The following may not be delegated:
If the company’s articles of association have adopted the two-tier system, the management of the company is the sole responsibility of the management board, which may, however, delegate its powers to one or more of its members according to the same rules now seen (Article 2409-novies of the Italian Civil Code).
Managing Director and General Manager (if this figure exists) are two very different roles: General Manager is the head of the other directors and/or managers, has managerial but operational tasks and is subordinate to the CEO. The DG is a manager, i.e. an employee of the company of which he is the general manager, unlike the CEO who, by definition, is a director and answers only to shareholders/shareholders.
The title of Managing Director (MD) is generally used in Great Britain by public limited companies (public limited companies whose shares are offered to the public) as well as by non-profit organizations and public agencies. The Ferguson v Wilson case of 1866 was the first of a consolidated jurisprudential orientation, which stated that every company as holder of legal personality, is obliged to have a legal representative (director), actively and passively entitled to take legal action in its name and on behalf of it. Only to these, shareholders can ask to be represented in court. Section 154 of the Companies Act 2006 requires any private company to have at least one representative and any public company to have at least two.
The Hutton v West Cork Railway Co case of 1883 established the obligation to place limits on the spending power of directors vis-à-vis persons other than shareholders. The Companies Act 2006 affirmed the primacy of shareholders under the principle of Enlightened Shareholder Value, whereby directors are the first point of reference for unitholders and are required to act in their primary interest. At the same time, the rule introduced the provision of a right and duty of the management team to take into account in its management also the bearers of rights and legitimate interests other than the owners of the property, such as employees during bankruptcy proceedings.

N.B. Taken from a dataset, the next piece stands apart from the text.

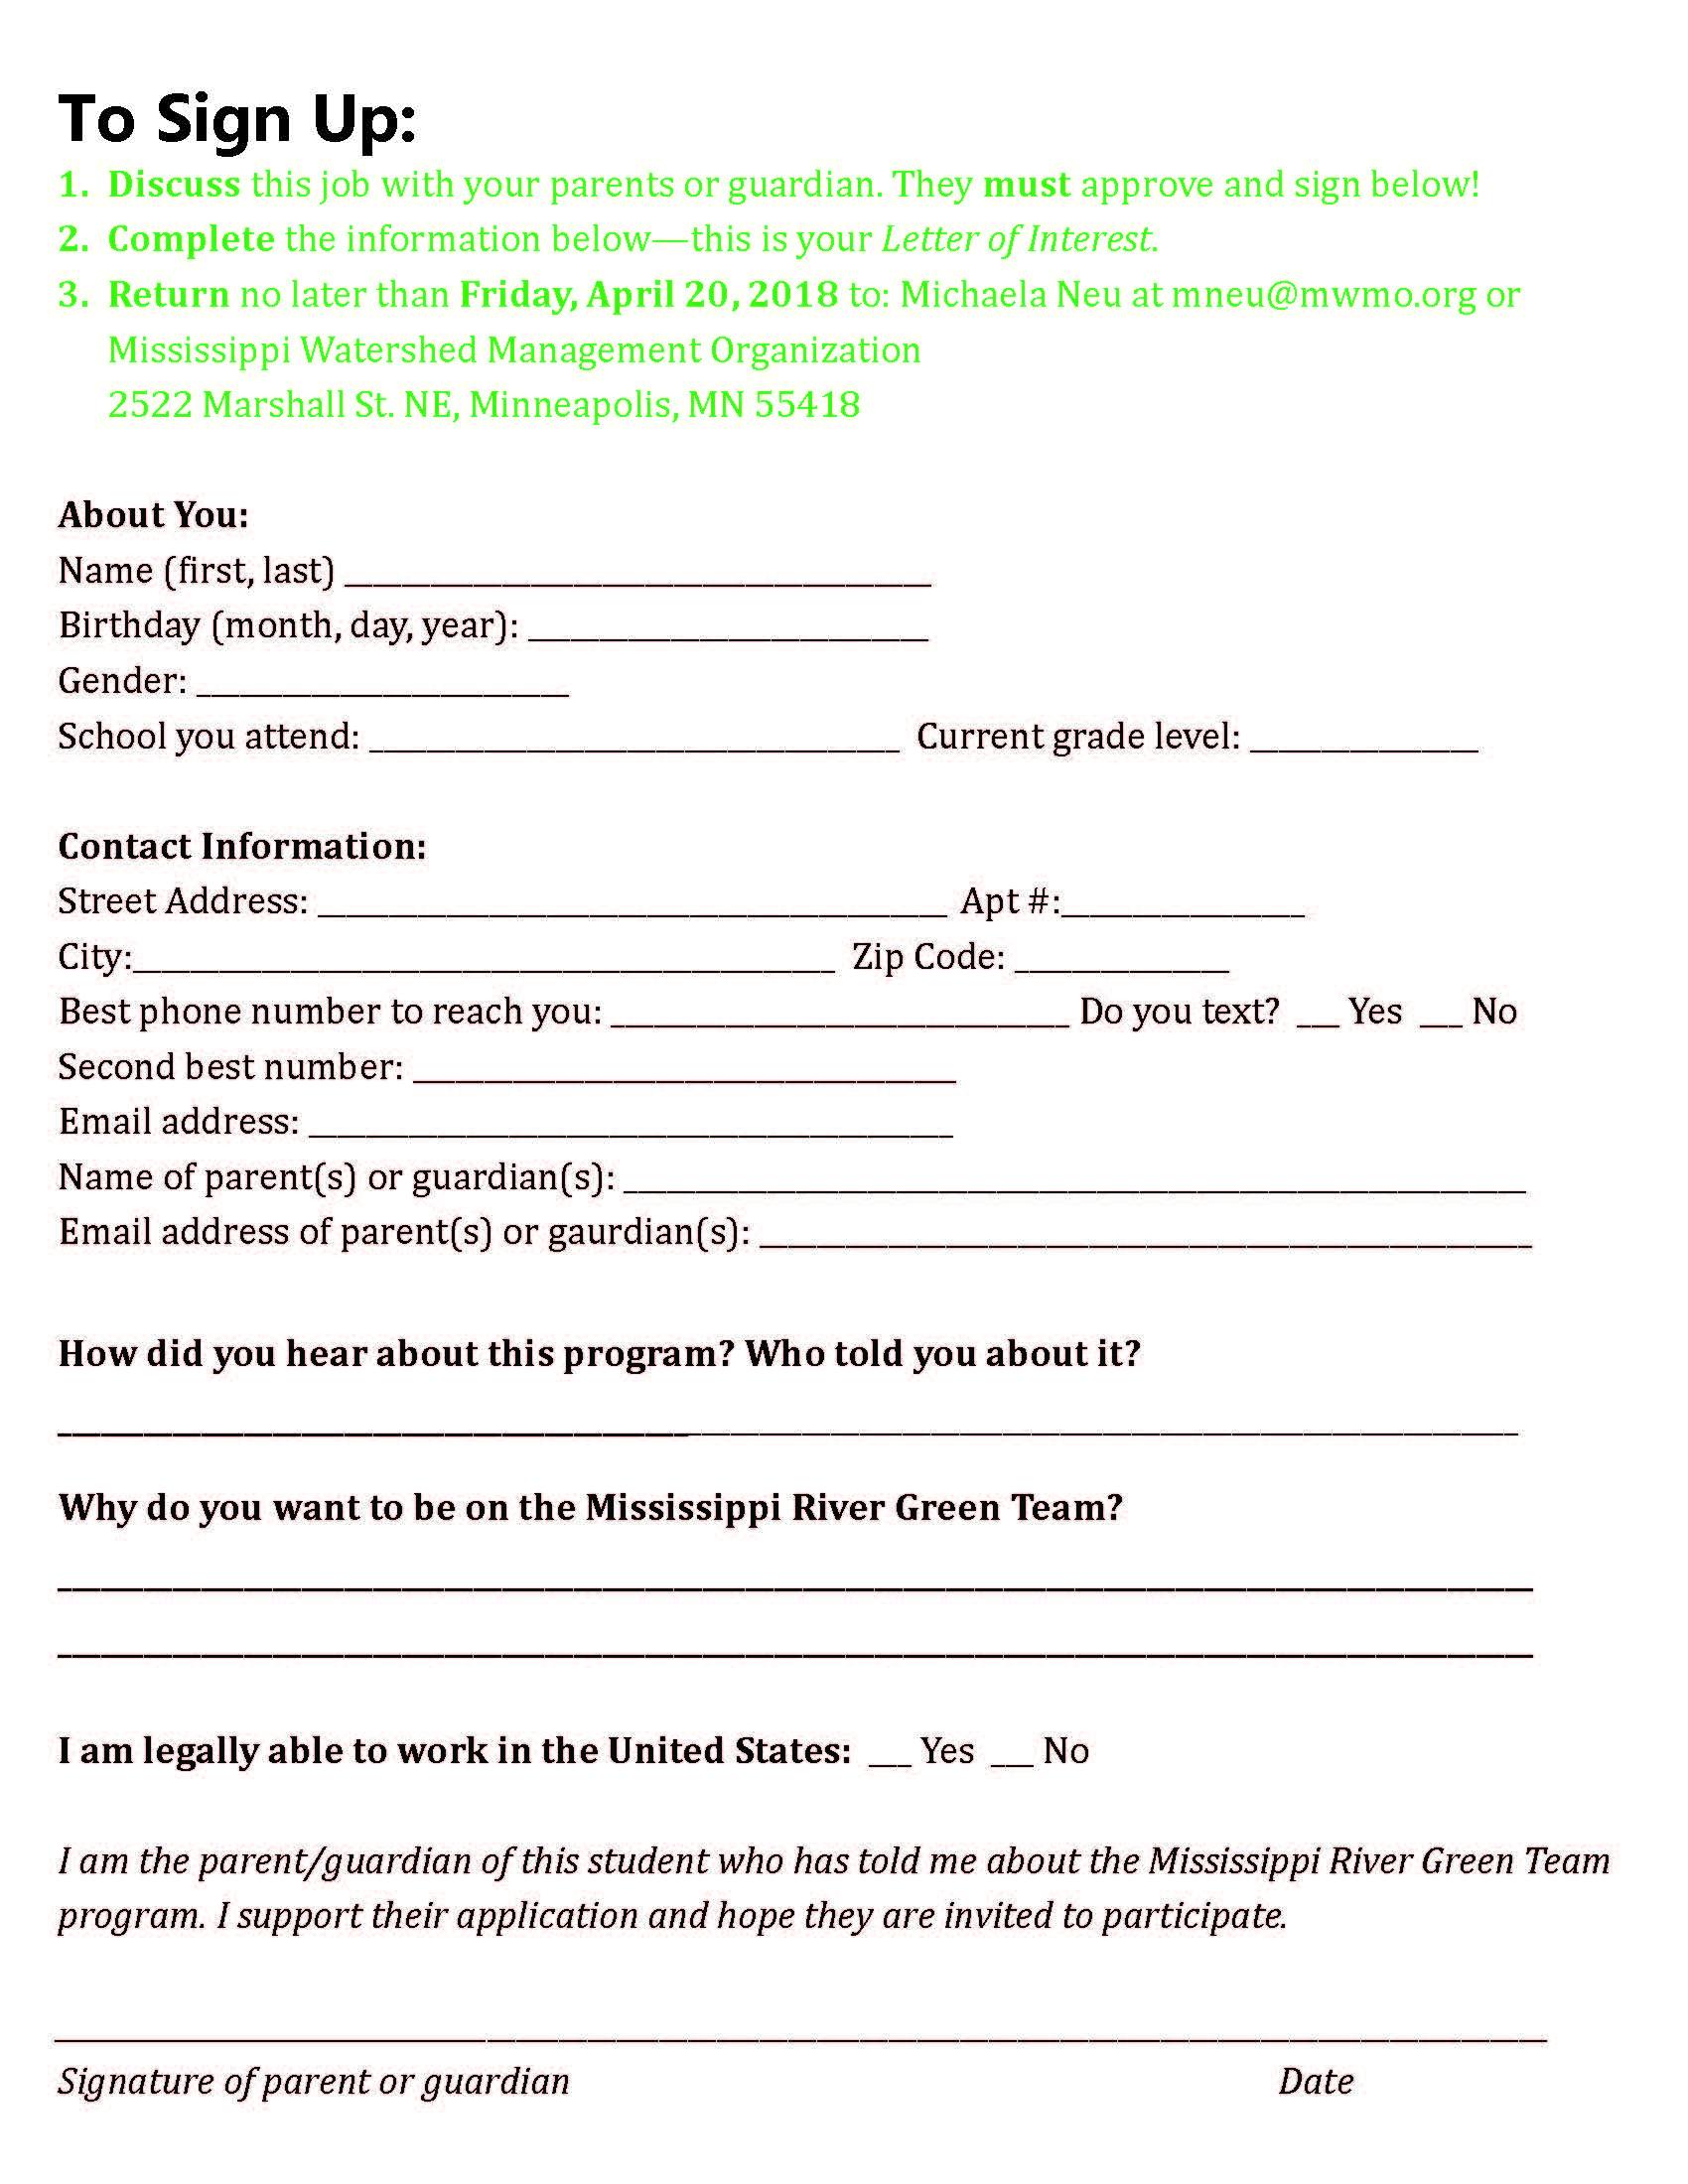 MRGT Letter of Interest 2018 (1)_Page_2.jpg

Section 172 of the Companies Act 2006 states that:
«A director of a company must act in the way he considers, in good faith, would be most likely to promote the success of the company for the benefit of its members as a whole».
– 2006 Companies Act, UK, section 171
The text goes on to state that directors must weigh the impact of any decision in the long term, the interest of workers, the impact of operations on the environment and local communities, the need to establish lasting relationships with customers and suppliers, the opportunity for business to preserve a public reputation in accordance with high ethical standards and the need for proper conduct at the ‘within the members of the company.

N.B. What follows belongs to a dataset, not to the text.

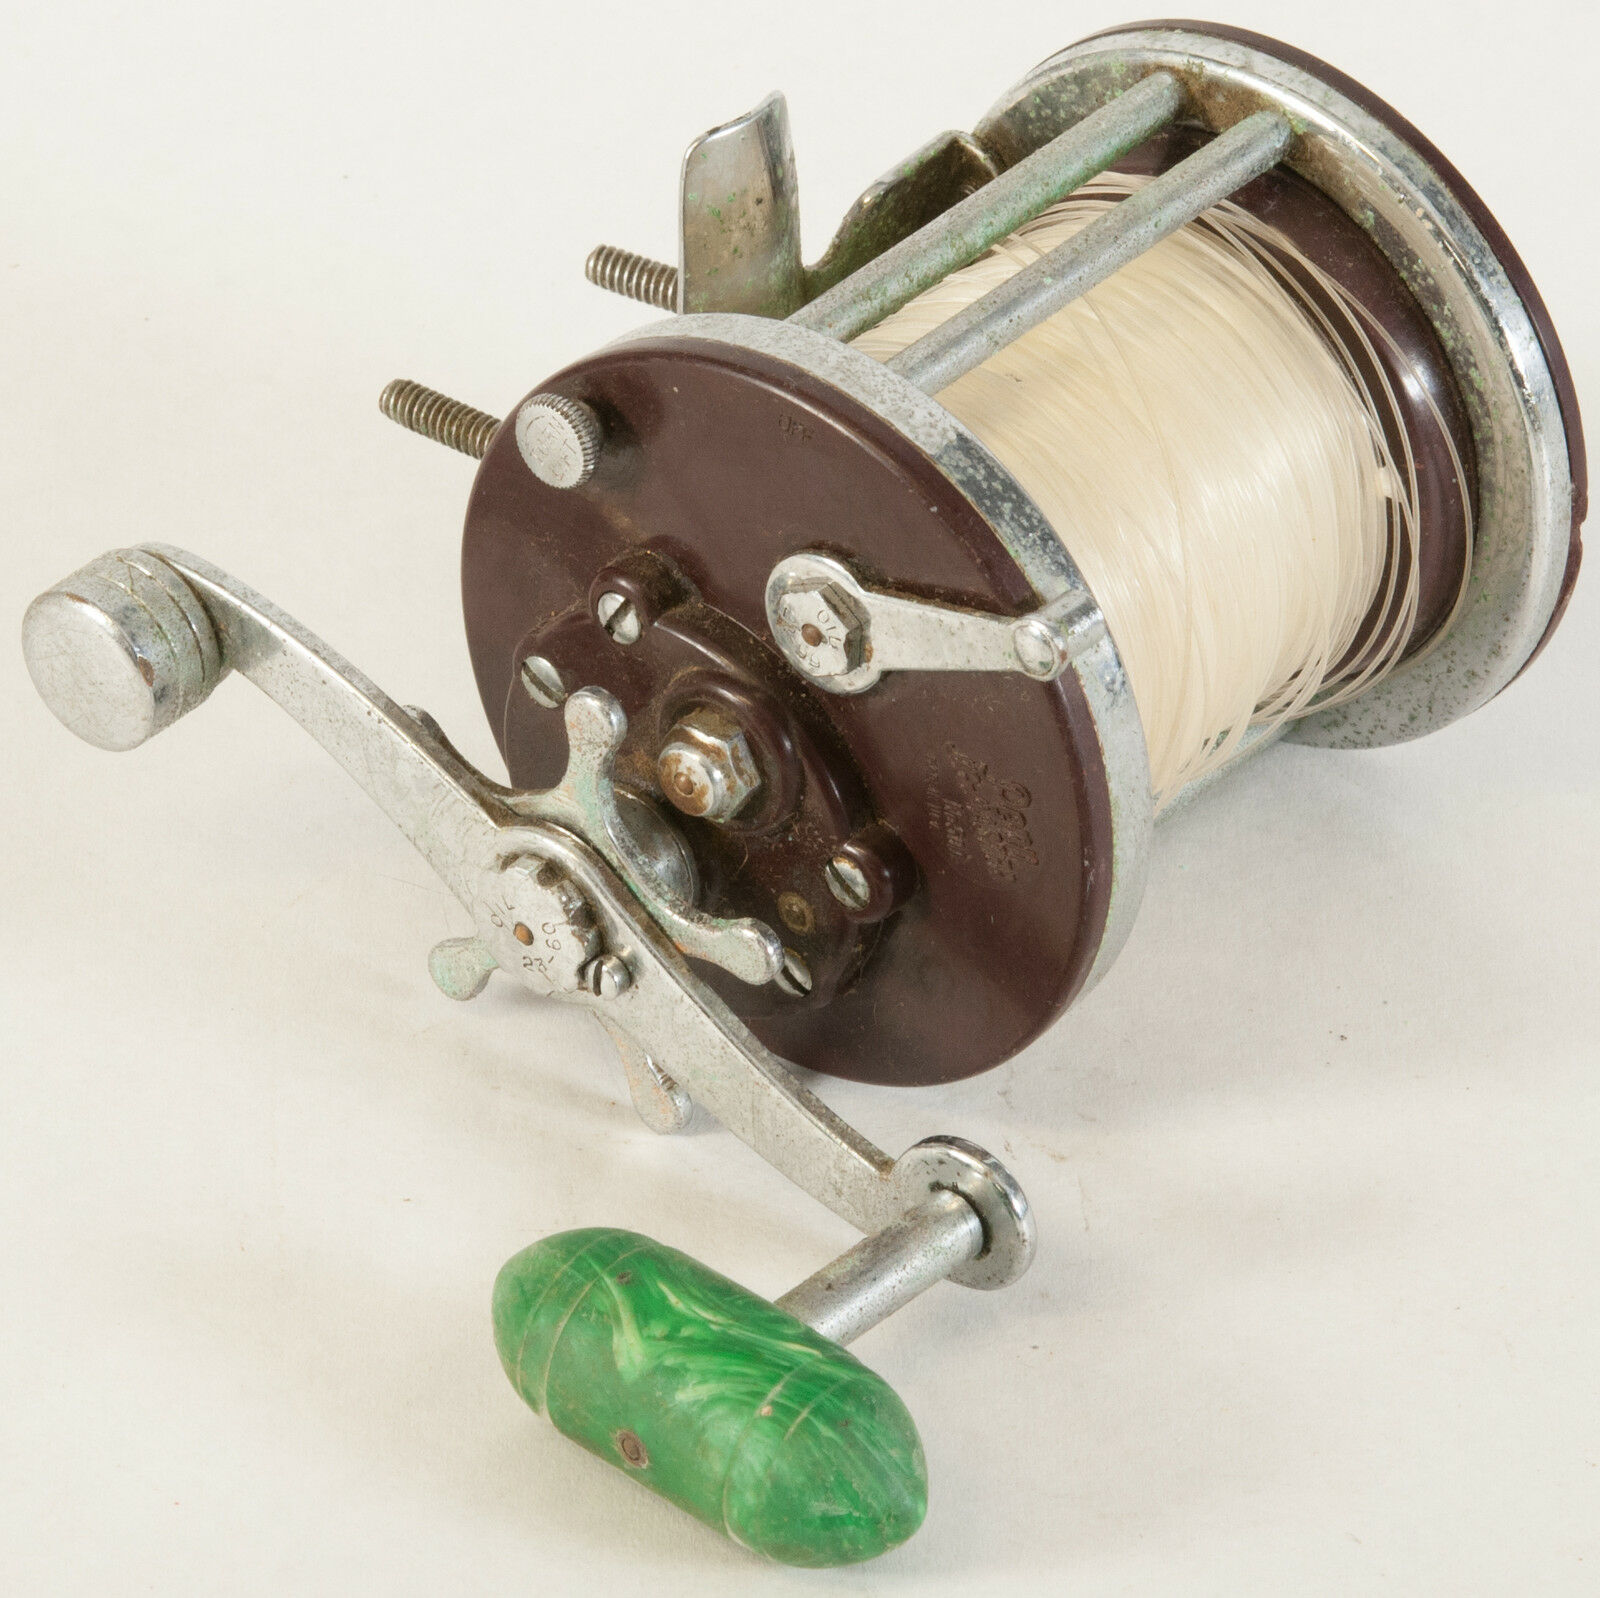 Penn Jig-Master 500 Fishing Reel Green Knob G+  Condition  no.1 online

CEO in the United States of America
In the USA he is called chief executive officer (CEO), a term that has now spread internationally in economic and journalistic language, while in other Anglo-Saxon countries, the title of managing director (MD) is usually used.
As an indication, in 2000 the average per capita compensation was 11.3 million dollars, of which 60% derived from stock options, 18% from annual bonuses, 11% from preferred shares, 9% from salary.